*Data below*:
○ ○ ○ ○ ○ ○ ○

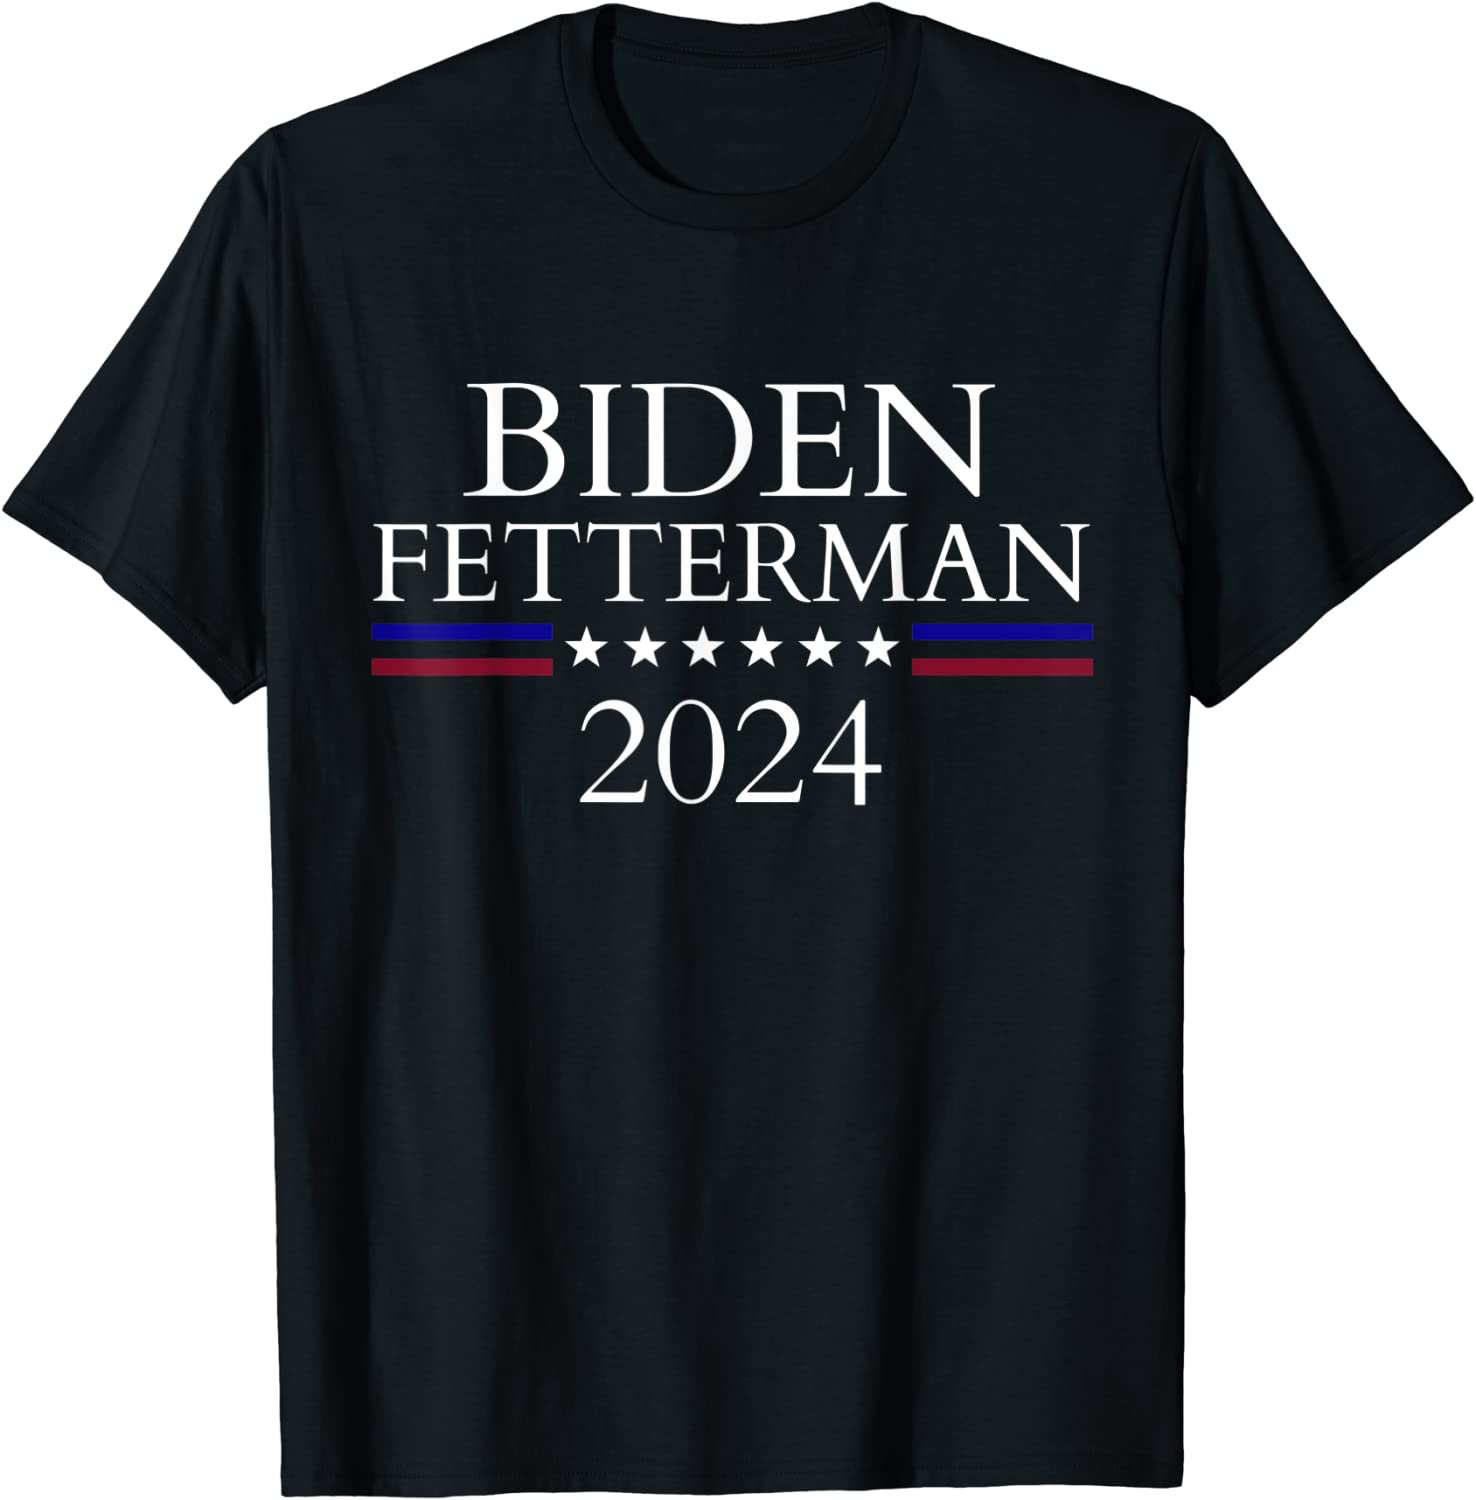 Biden Fetterman 2024 TShirt
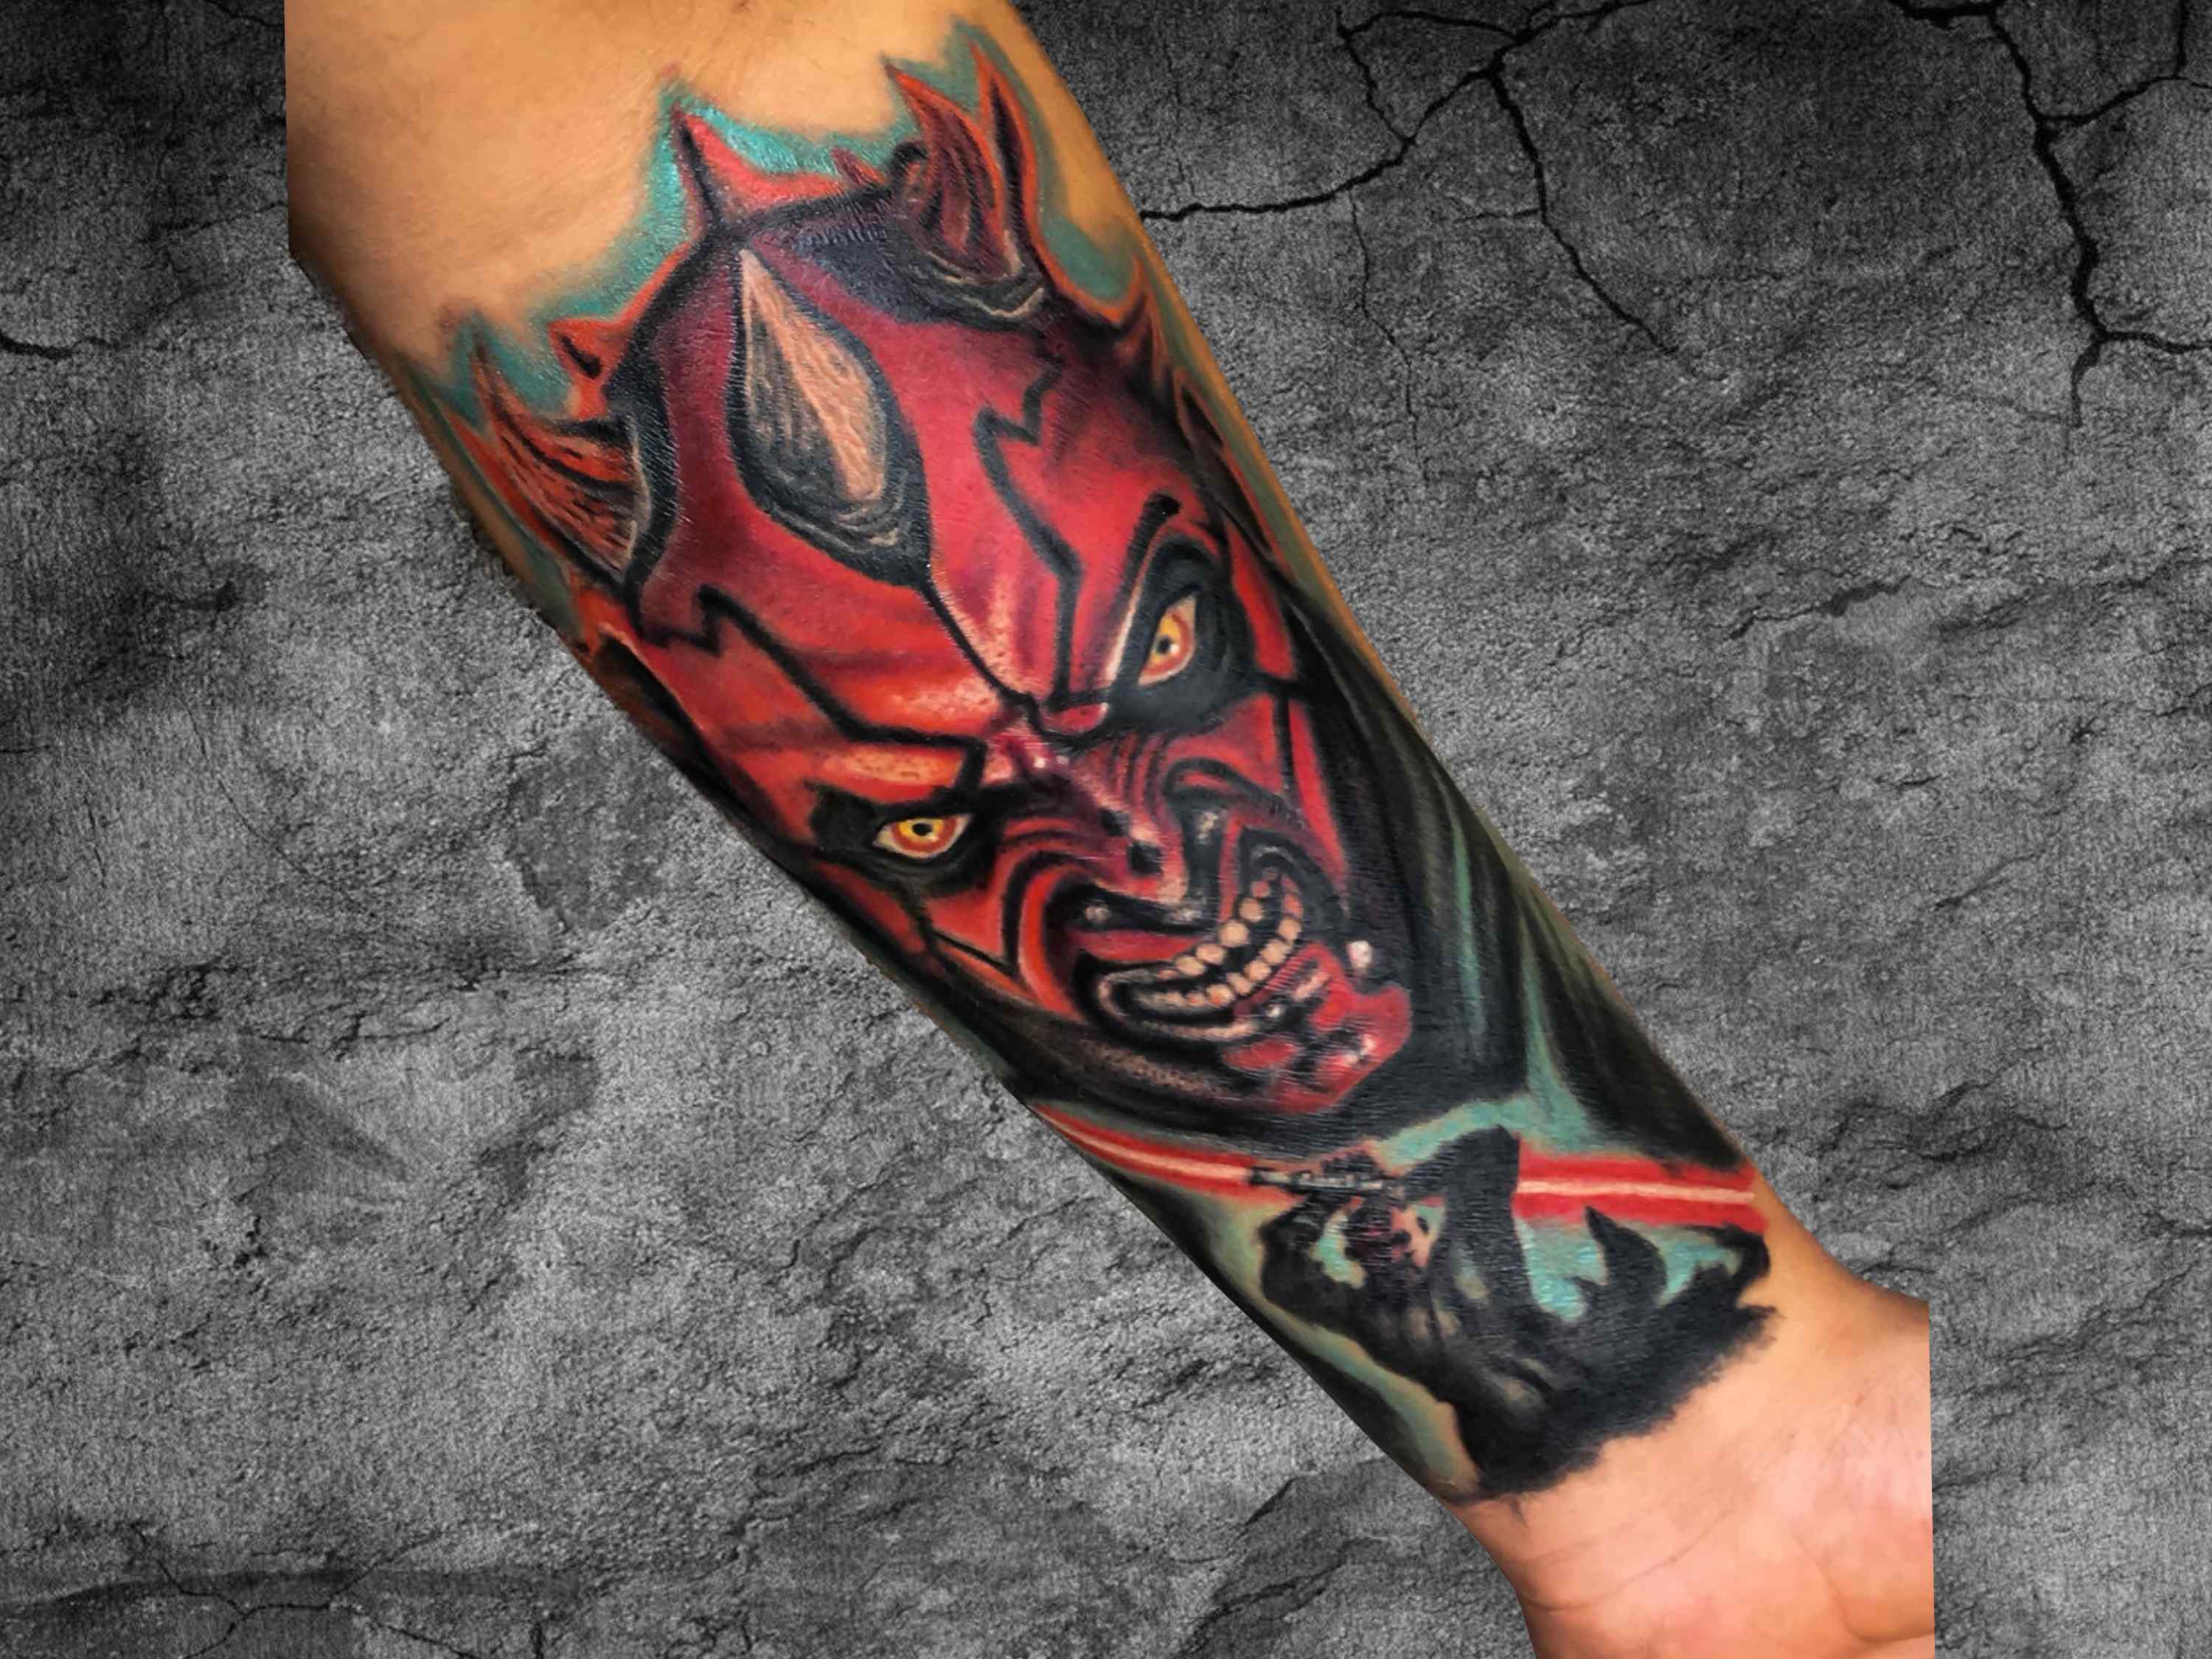 Tattoo uploaded by Domy Fätzer  Obi Wan Kenobis lightsaber Big thanks to  Casparwolfftattoo  Tattoodo
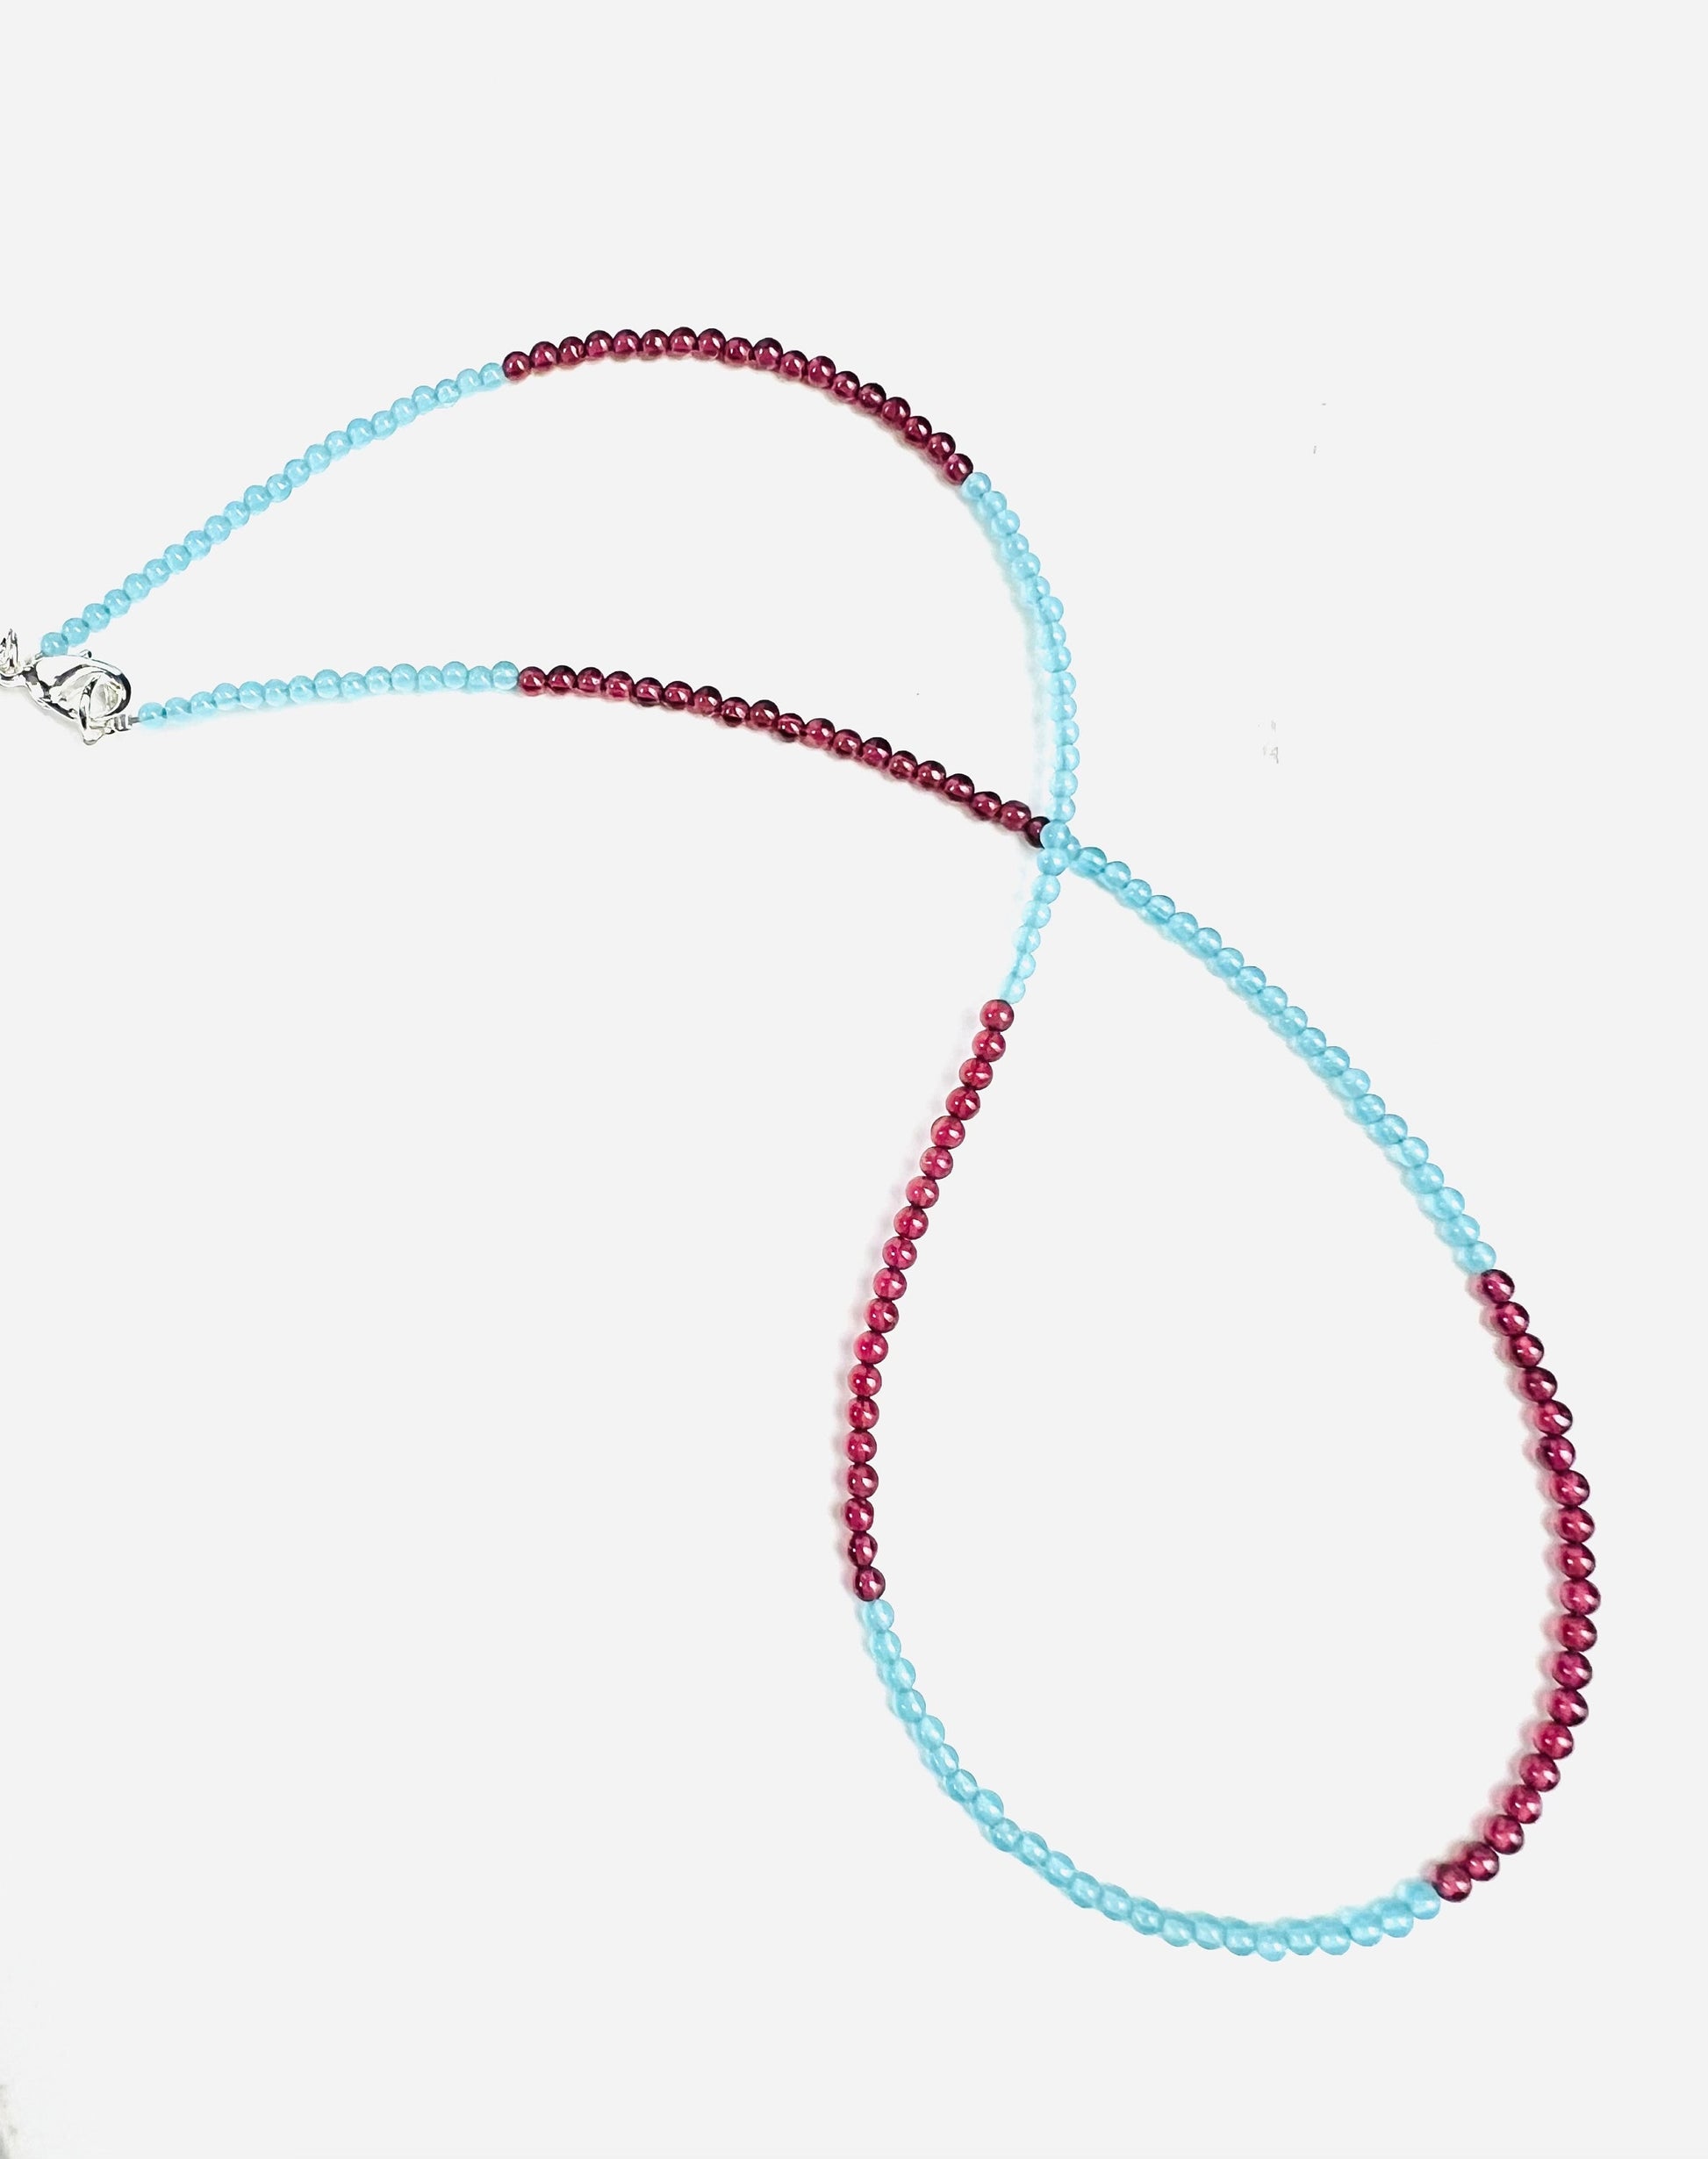 Garnet and Aquamarine 2.5mm smooth round necklace. Chocker layering minimalist gift January and March birthstone

○ ○ ○ ○ ○ ○ ○

*Required action*: Leave the pictures out and restate the listing word for word.

*Answer space*:
 Biden Fetterman 2024 TShirt
 Tattoo uploaded by Domy Fätzer  Obi Wan Kenobis lightsaber Big thanks to  Casparwolfftattoo  Tattoodo
 Garnet and Aquamarine 2.5mm smooth round necklace. Chocker layering minimalist gift January and March birthstone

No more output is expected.